Friday, October 01, 2010

"Peepli" ... and on the death of theatre in India?

Thanks to Spiked, I ended up watching this trailer for Peepli:

The storyline, as Spiked summarizes it, is:
The film, a comic satire, tells the story of Natha (Omkar Das Manikpuri), a poor farmer in the fictional state of Mukhya Pradesh. Faced with the prospect of losing his ancestral land, Natha is convinced by his brother to commit suicide so that his family will receive a compensatory 100,000 rupees from the state government. As Mukhya Pradesh is preparing for elections, Natha’s story is picked up by the media and quickly becomes the focus of political debate and of competing media outfits. Eventually, the humble farmer, his family and their goats are virtually imprisoned in their shabby house, surrounded by raving flocks of TV reporters, while politicians show up bearing gifts of hand pumps and TVs for which there is no well or electricity.
Sounds promising.

It so reminds me of a Tamil film from three decades ago, called "Thanneer Thanneer", which in English would translate to "Water, Water."  Adapted from a play, the movie was one sarcastic tragic-comedy on the plight of the poor, the bureaucracy, and the self-promoting and self-aggrandizing politicians.  It was brilliant.

There are wonderful stories to be told, given the vastness of the country.  It doesn't always have to be about poverty and politics either.  Even the lives of the millions of middle class are ripe with stories.  I can't understand why instead the movie folks churn out the same old formulaic movies over and over.

More than the formulaic movies themselves, I am concerned about what comes across as the death of the arts in India.  The last couple of times when I was in Chennai for extended periods of time, everyday I scanned the paper for listings of plays and off-beat films.  It can't be that the paper systematically did not list such.  It was rare.  I couldn't believe, and still cannot believe, that a city and a culture with a rich history of literature can be so devoid of live performances.  Movies and television have completely taken over.  Perhaps the education system too does not encourage the arts, with its focus on promoting science and technology?

Even in the small town of Neyveli, I have watched Tamil plays--at the "Sangeetha Sabha."  That was more than thirty years ago, and before the age of television.  I still crack-up when I think about the clever and punny dialogs in one of those plays that capitalized on the slang and near-dialects in Tamil in different parts of the state, including the "Tirunelveli Tamil" with which I could easily identify.  Perhaps even Neyveli's cultural life has changed since then. 

Anyway, last year in Chennai, one day I spotted something interesting in the paper--about an Italian film that would be screened.  For free! It was not at a movie hall, and I had a tough time locating the venue off Anna Salai.  Finally, I reached the place.

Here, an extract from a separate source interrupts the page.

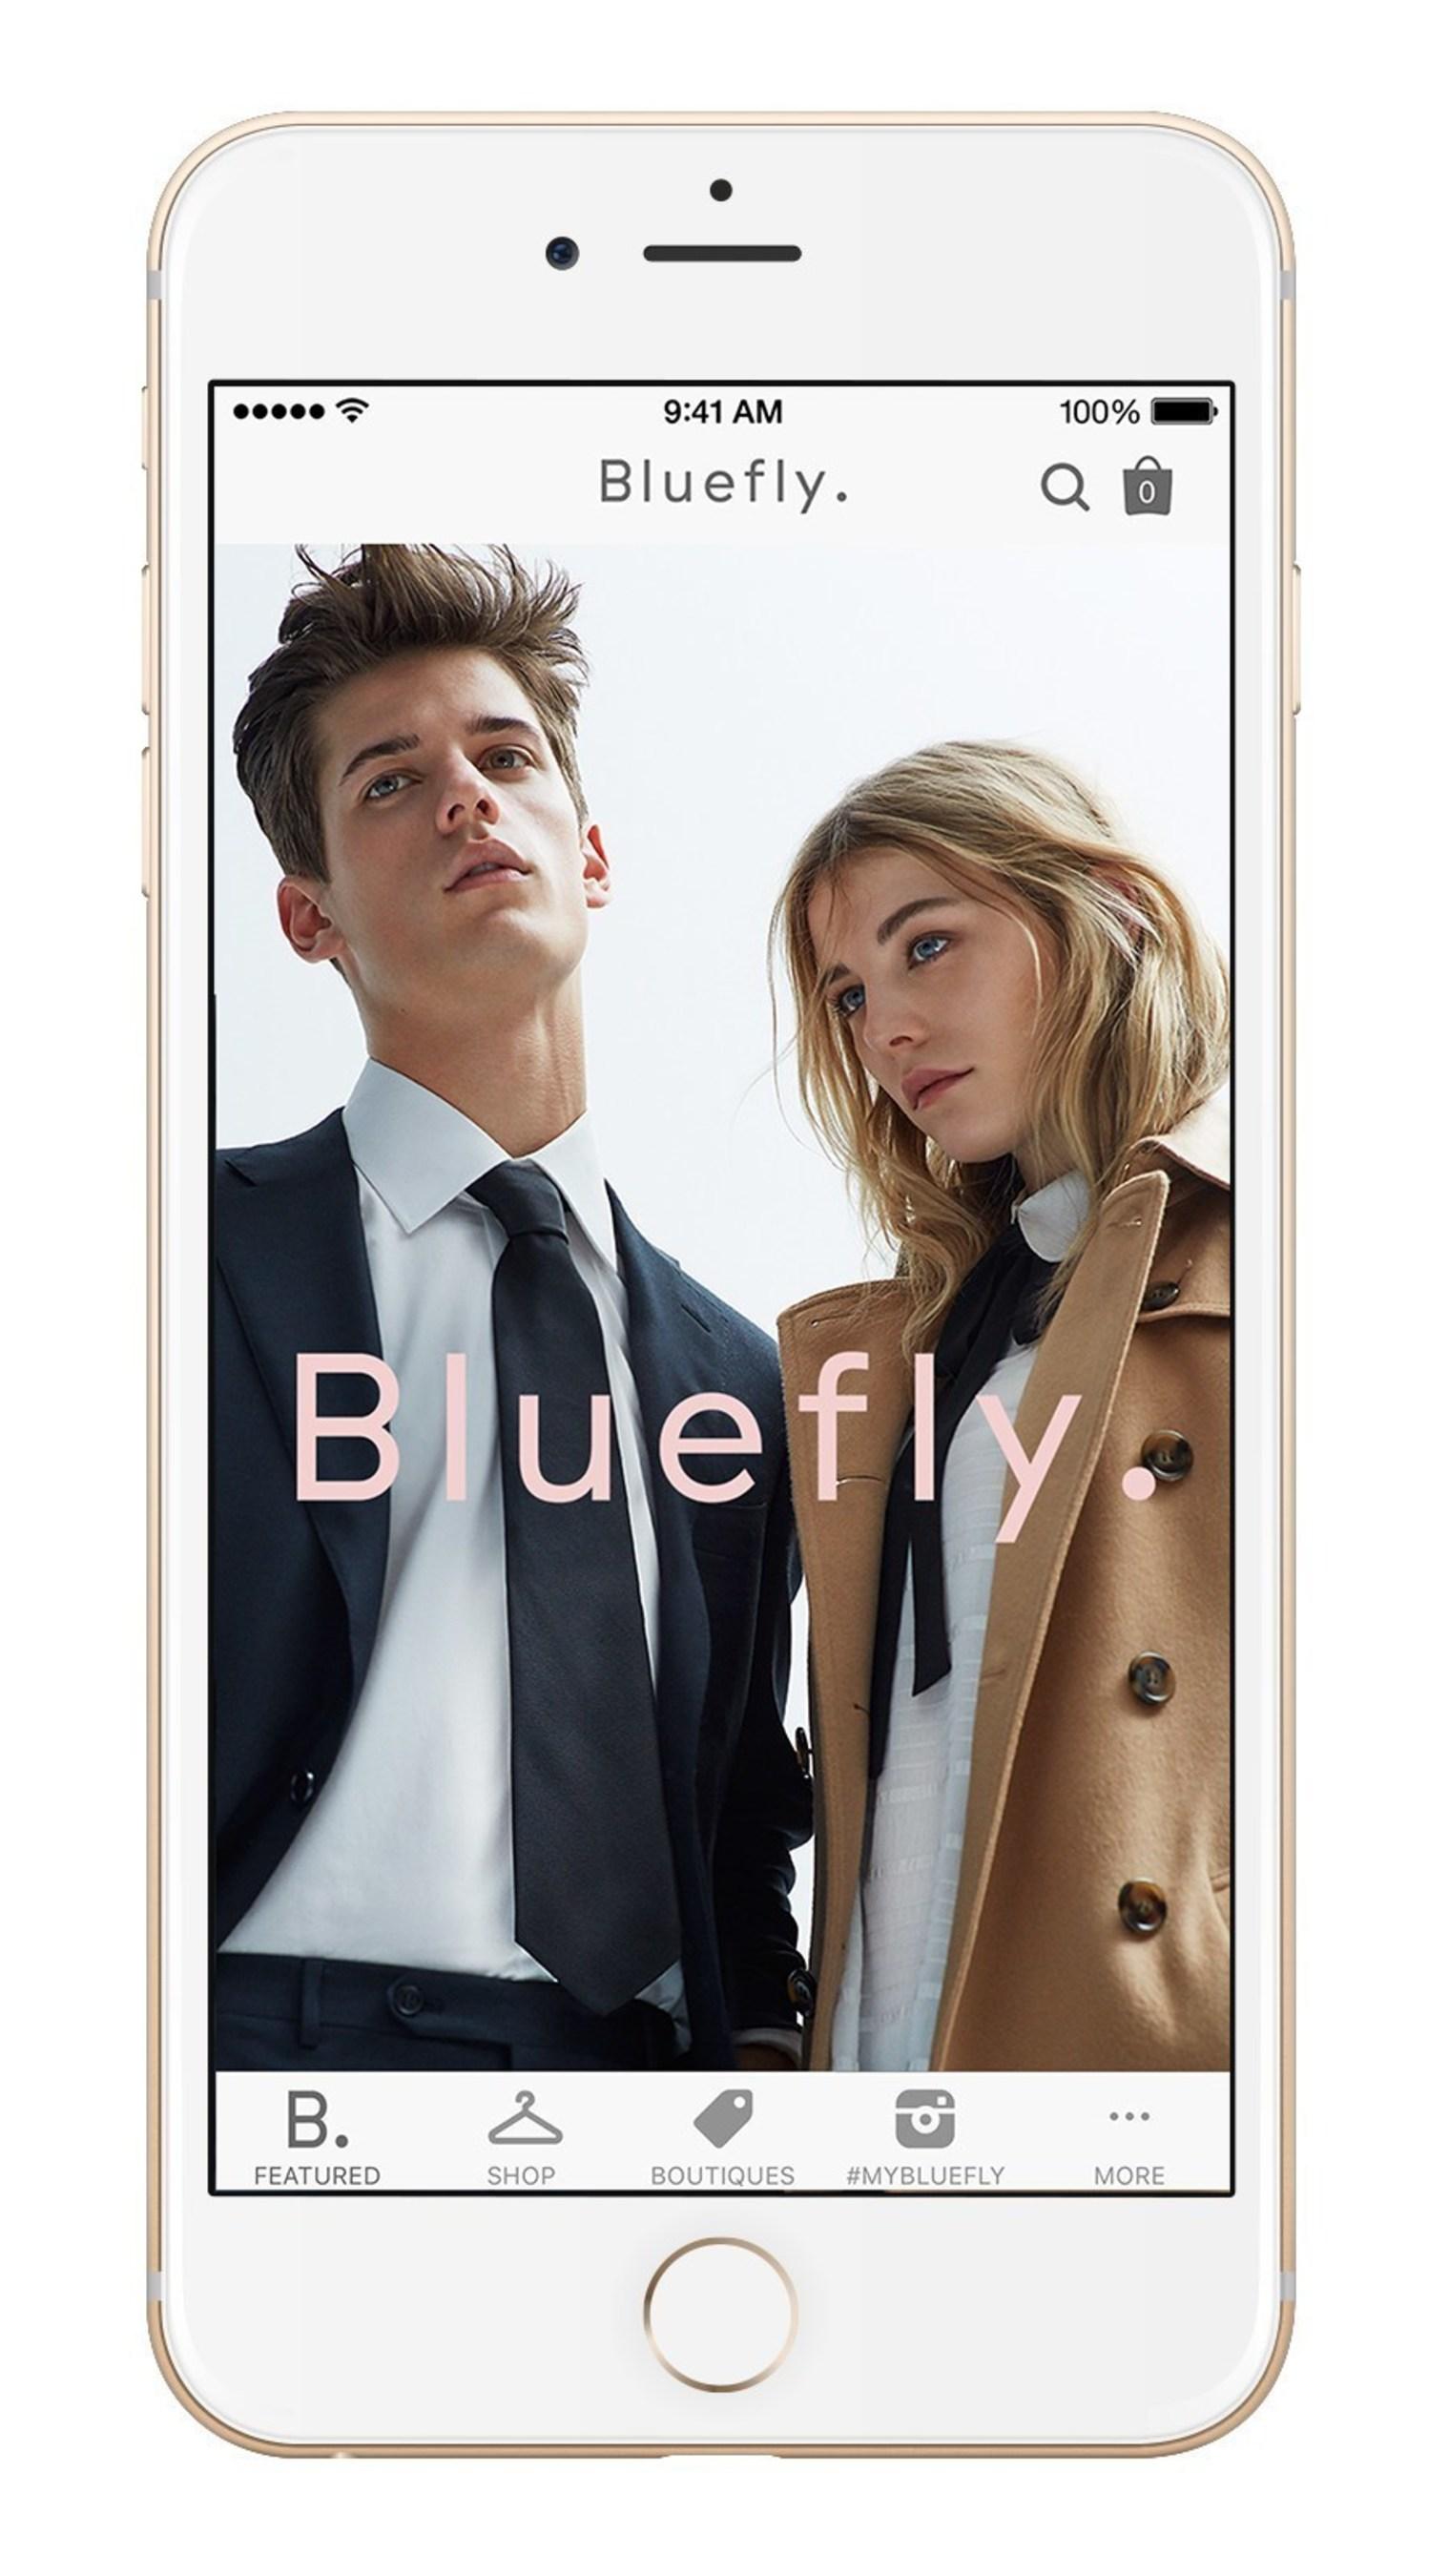 Bluefly app on iPhone

I walked up to the door, and the older gent at the table there asked me whether I was a member.  I explained to him about me visiting from America and having seen the note in the paper. He clarified that the movie was being screened for members of the Film Chamber or some professional group that was involved in the movie-making industry!  He suggested that I wait and talk to the boss to see if I could watch the movie.

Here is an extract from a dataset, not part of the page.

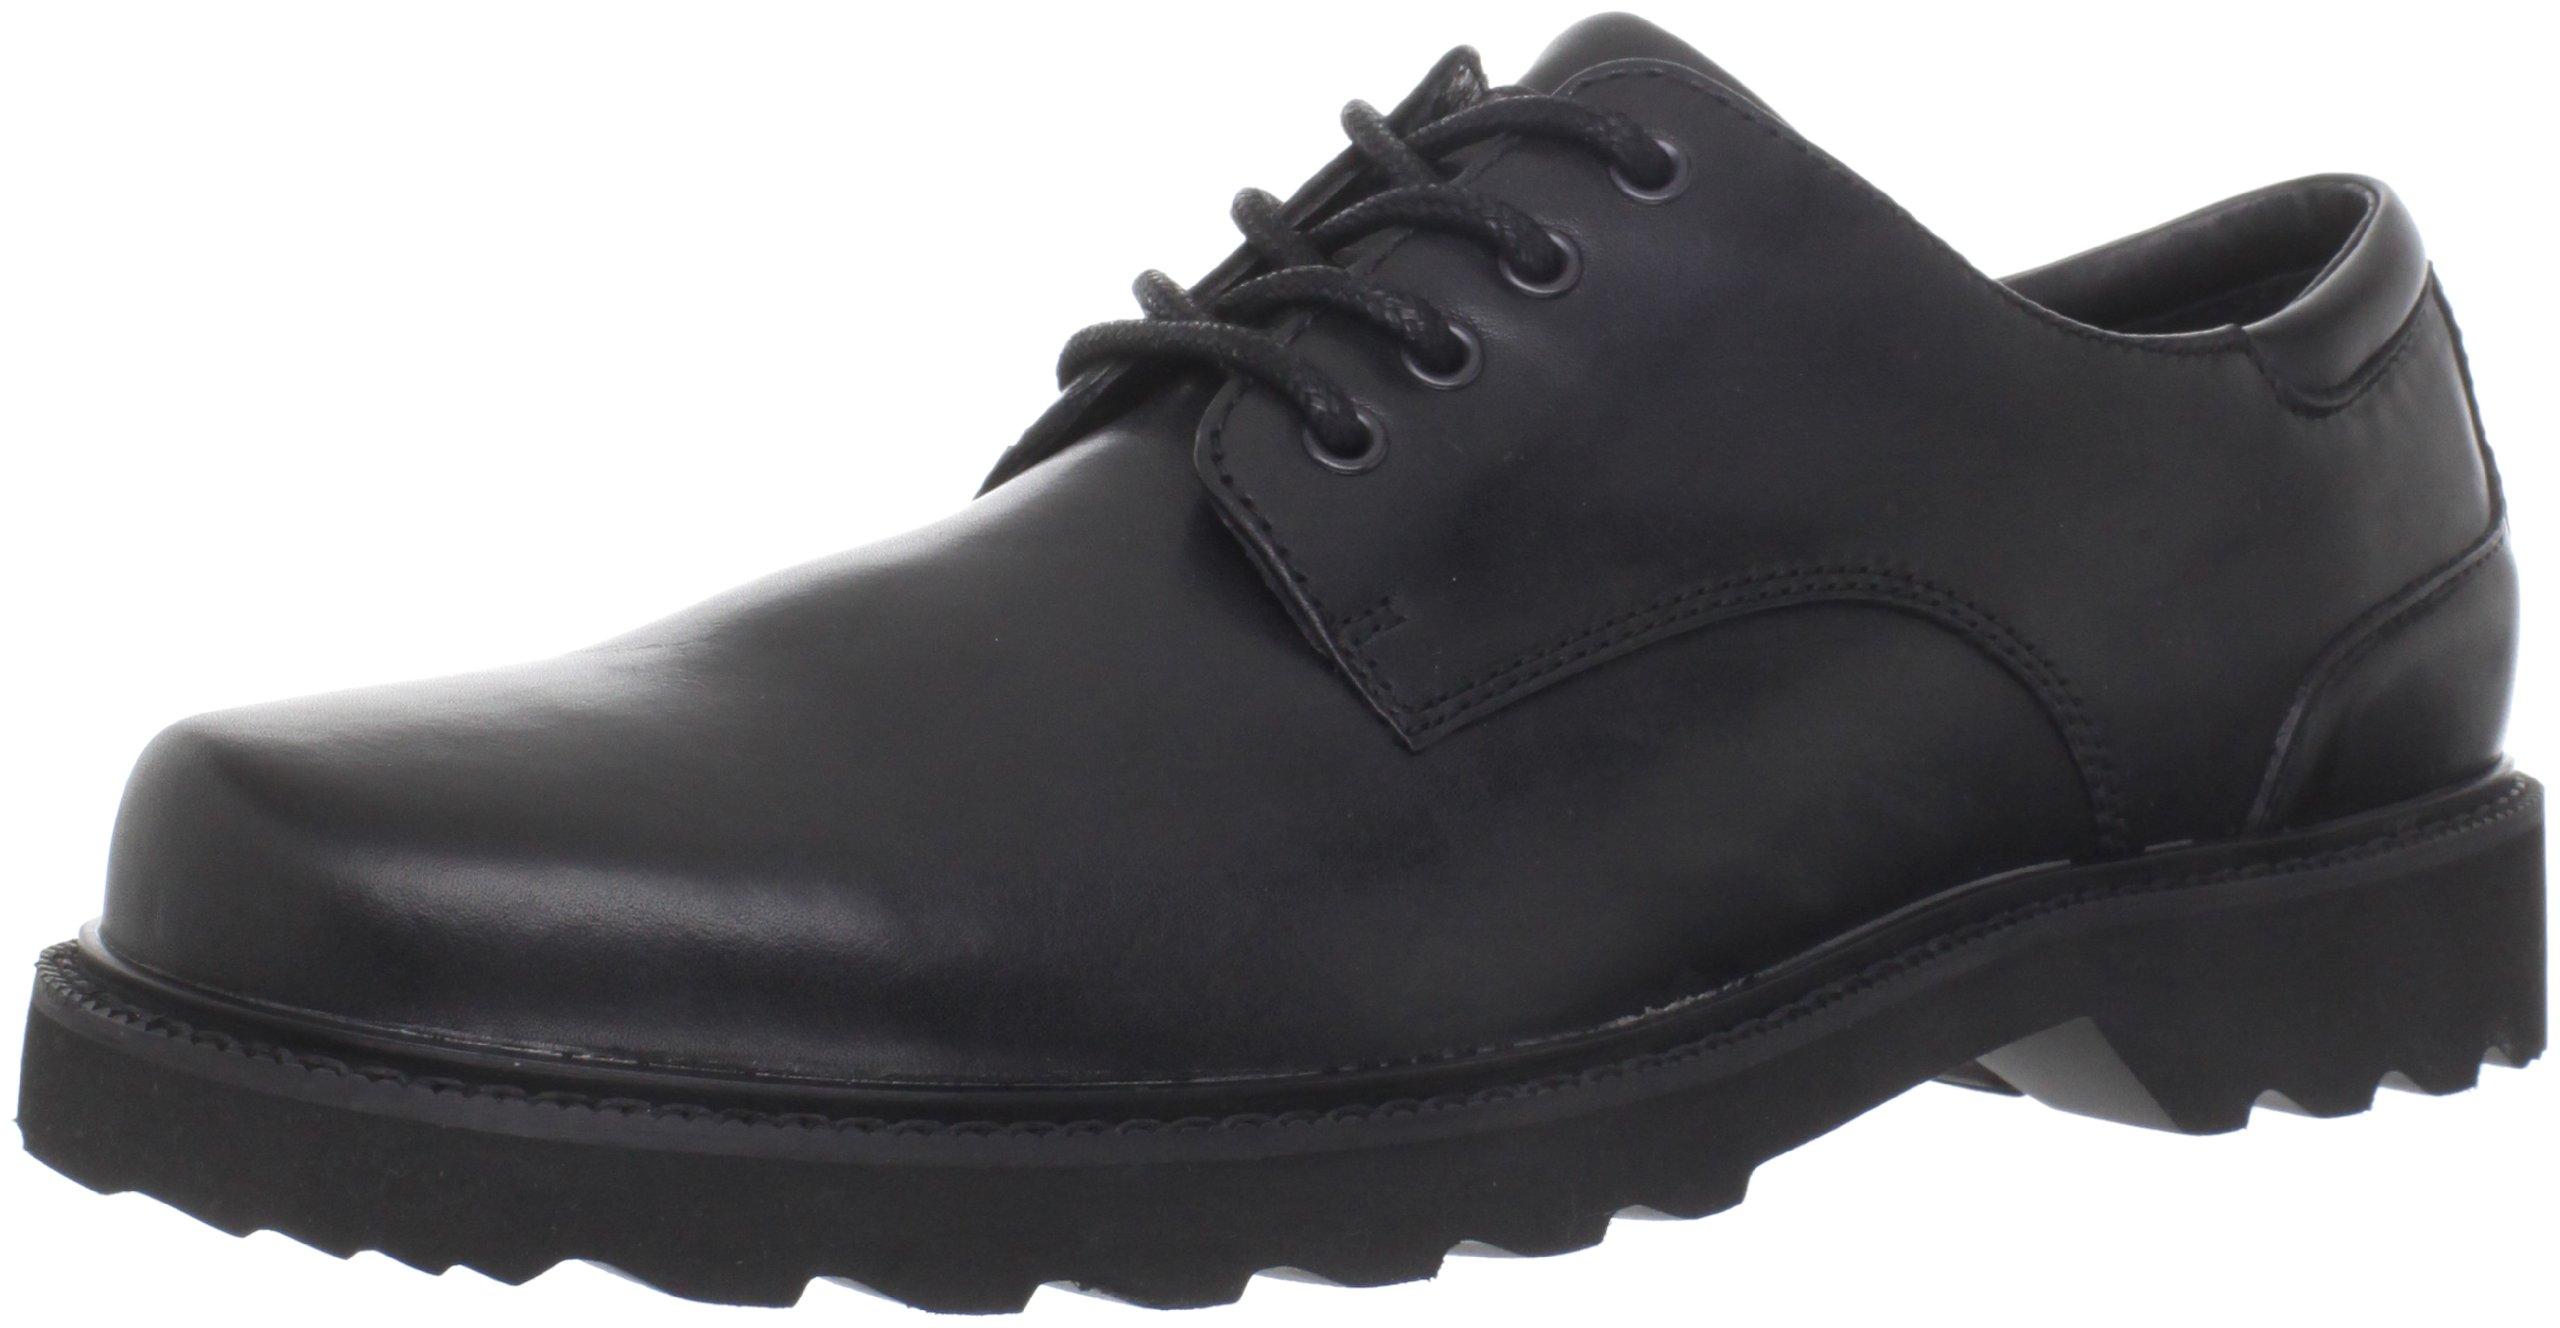 Rockport Men's Northfield Oxford-Black-13 M

A few minutes later, the boss appeared, and he half-heartedly okayed my request.  The movie itself was nothing to write about.  But, the experience was strangely surreal.  Sitting in a darkened movie hall in Chennai, with a whole bunch of strangers who were whispering in Tamil, while watching an Italian movie with English subtitles.  It was the experience that was fantastic.

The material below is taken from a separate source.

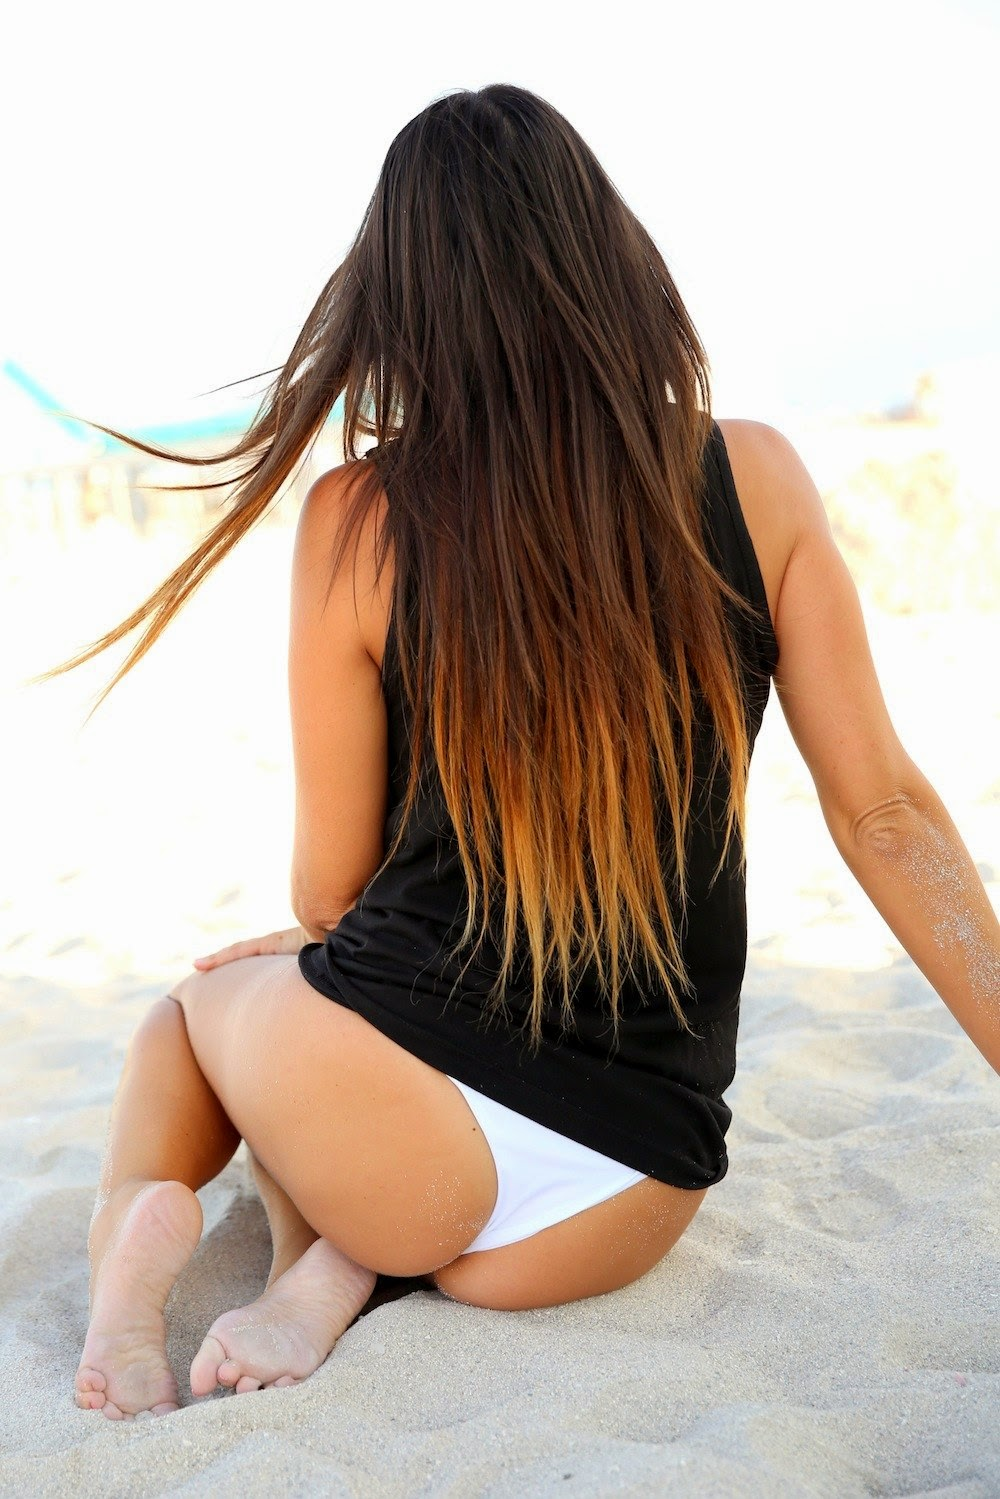 Claudia Romani Hot Bikini HQ Photoshoot

I continued to scan the paper for Tamil plays, or English plays.  But, nothing.  Then, one day I read in the paper about the publication of a book by an IIT professor--translation of poems from Tamil.  Selections included from the very old to the contemporary.  I was hoping that there would be some kind of a book reading that I could attend.

A few minutes on Google, and I had the email address of that professor.  She replied that there would be a book-reading and invited me to that.

It was truly an O'Henry moment of irony--the event was to be held the weekend after I was scheduled to return home to America!